Please vote on this issue by adding a 👍 reaction to the original issue to help the community and maintainers prioritize this request
Please do not leave "+1" or "me too" comments, they generate extra noise for issue followers and do not help prioritize the request
If you are interested in working on this issue or have submitted a pull request, please leave a comment

Tell us about your request
Ability to create a capacity strategy that allows you to use spot instances as long as the spot capacity is available, and fall back to on-demand instances only when there is no capacity available for spot.

Which service(s) is this request for?
ECS

Tell us about the problem you're trying to solve. What are you trying to do, and why is it hard?
I was hoping that "Base" in a capacity strategy will be more of a "strategy" but it seems to be a "constraint". In my use case, I was hoping to use 5 (which is also the total number of tasks in my service) as base for my capprovider1 which entirely consists of spot instances and use a 1:1 weight. So, the base will be met as long as there are spot instance available, otherwise I was hoping it to ignore the base and fall back to the capprovider2 which has OD instances. But even when capprovider2 has instances, service fails to place tasks because it's trying to satisfy base.

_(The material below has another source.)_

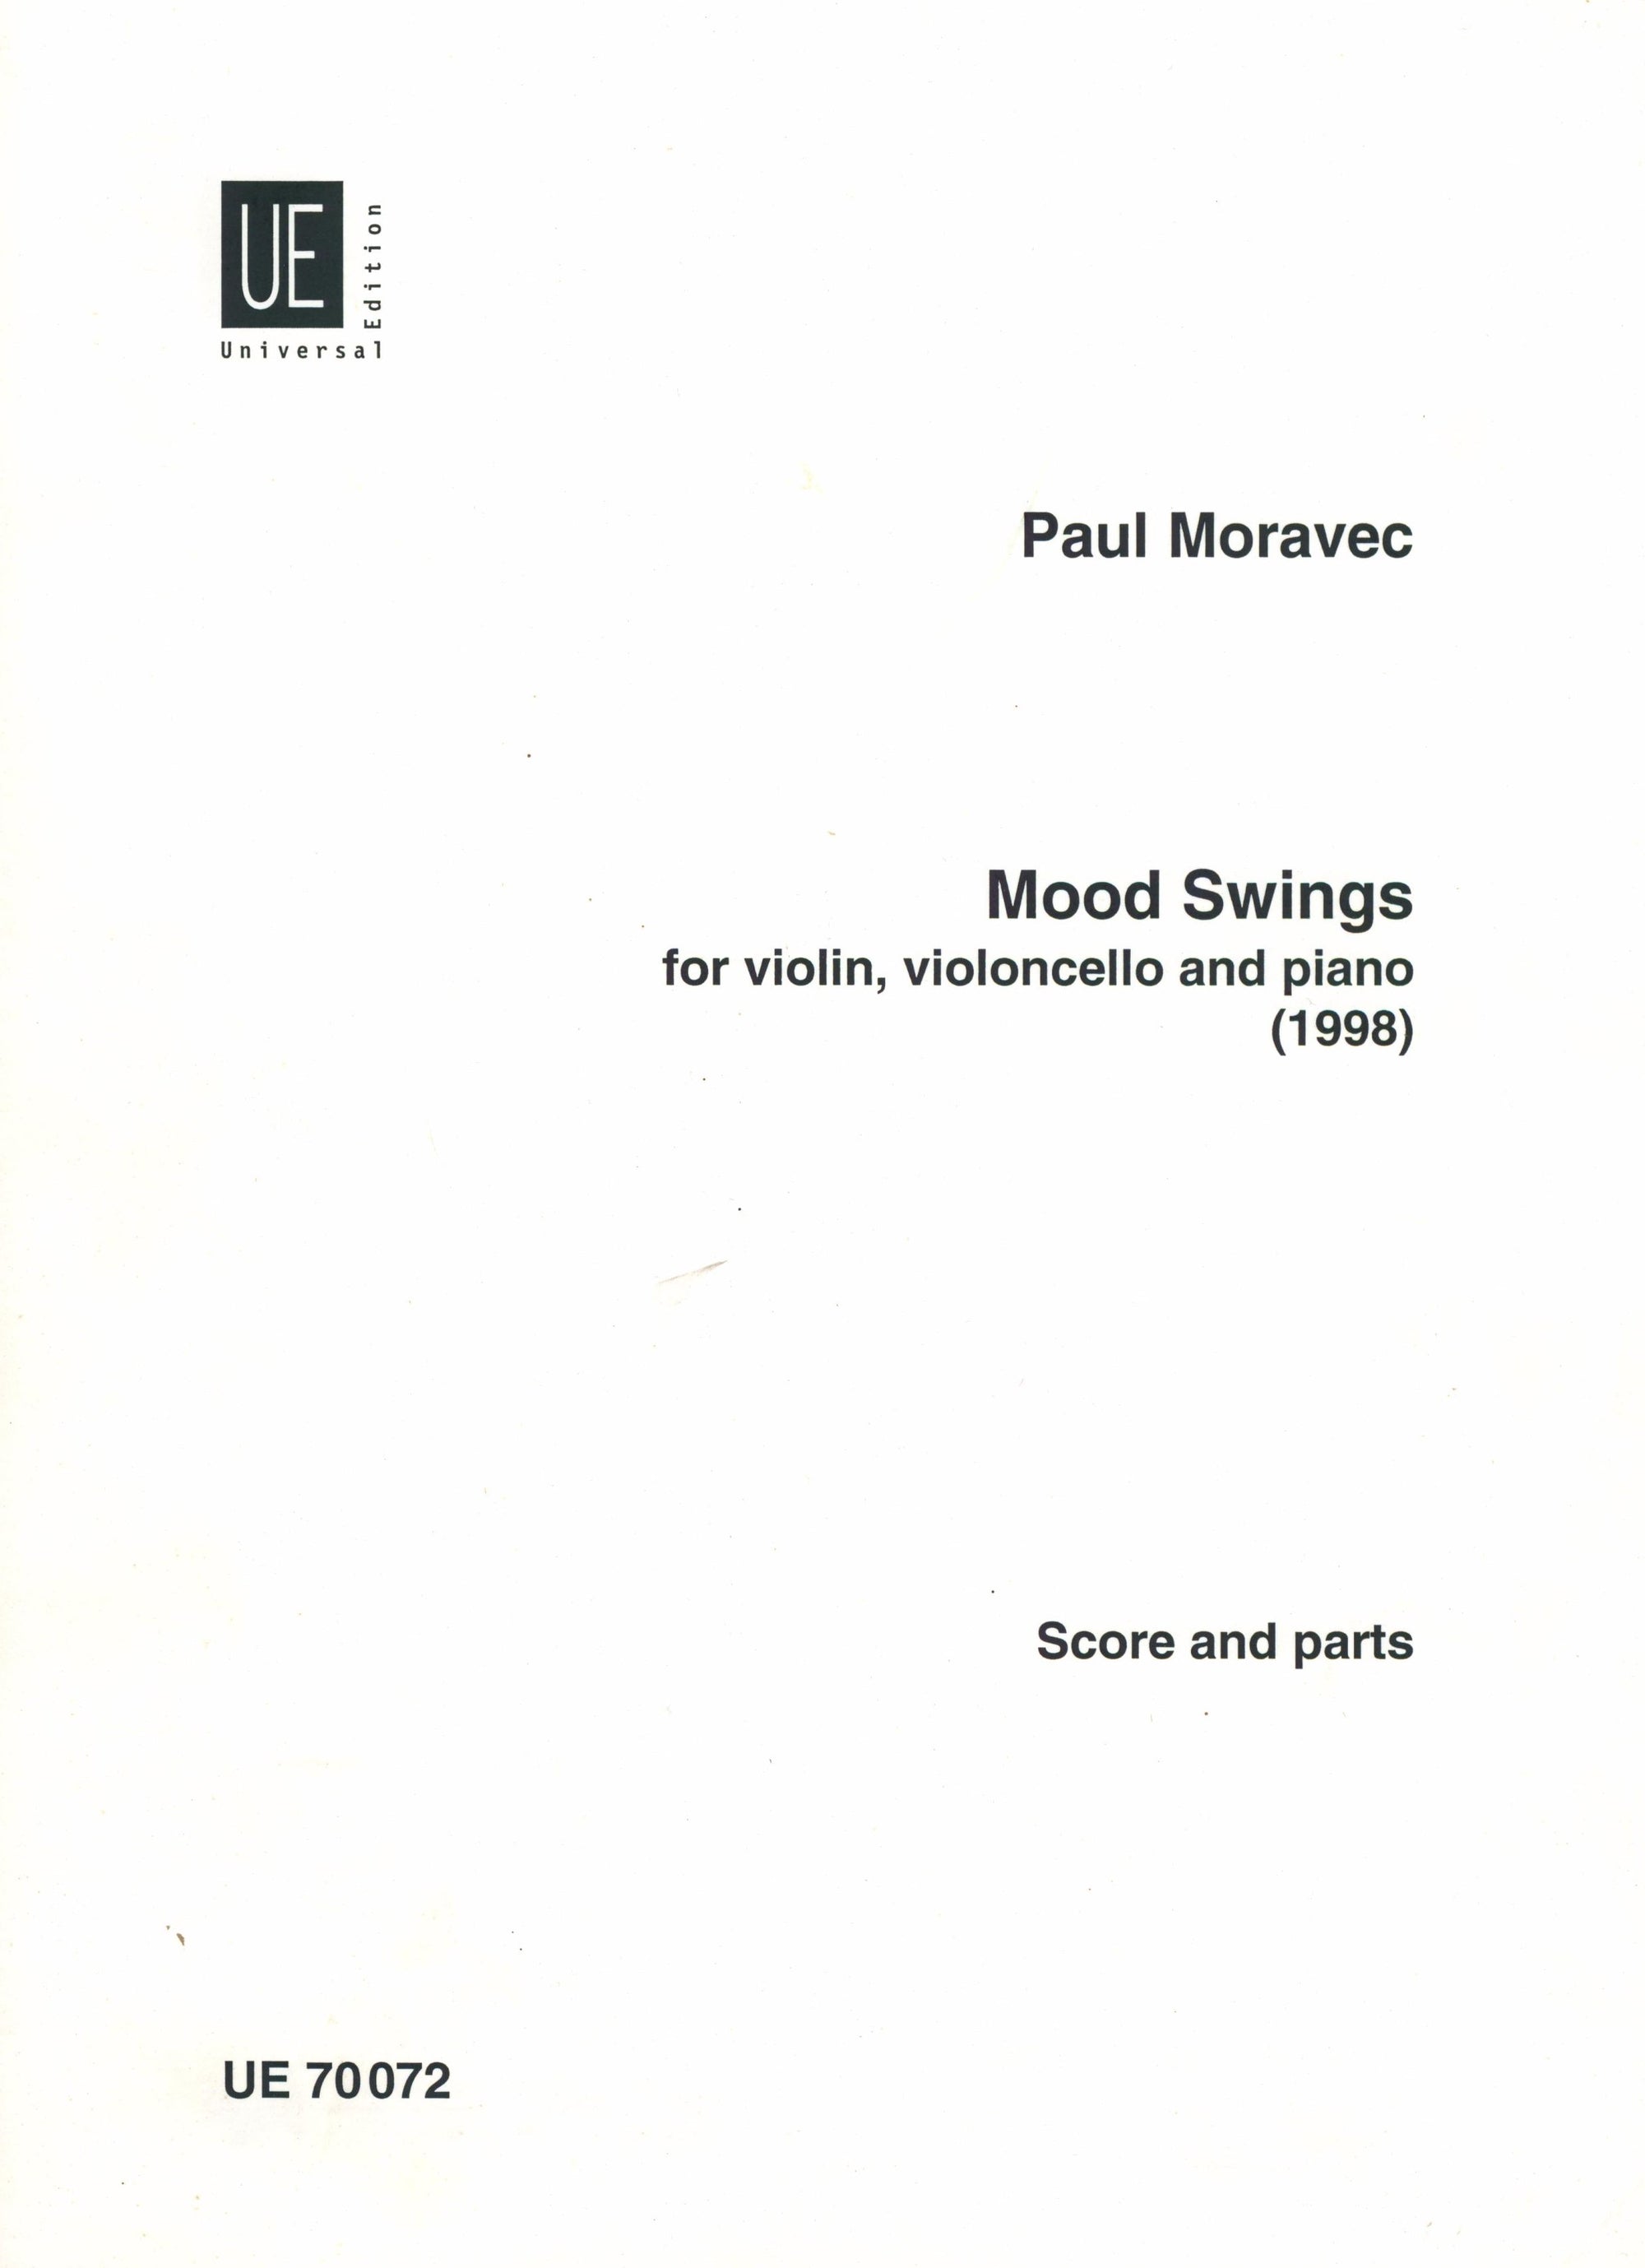 Moravec: Mood Swings

Are you currently working around this issue?
Using lambda
Please let me know if more information is required or in case there is a better alternative.

dactp · 2020-03-04T15:26:23Z

We also observe a similar problem that I will describe below. If it sounds like a separate issue please let me know.

We run our ECS cluster with the following default providers:
FARGATE_SPOT base=0 weight=50
FARGATE base=0 weight=50

Now let's say we run a service that uses the default providers and uses autoscaling.

If the service has a desired_count=10 and the fargate_spot capacity is not available, ECS will not use the available fargate capacity to honour desired_count. The service will run with only 5 tasks instead.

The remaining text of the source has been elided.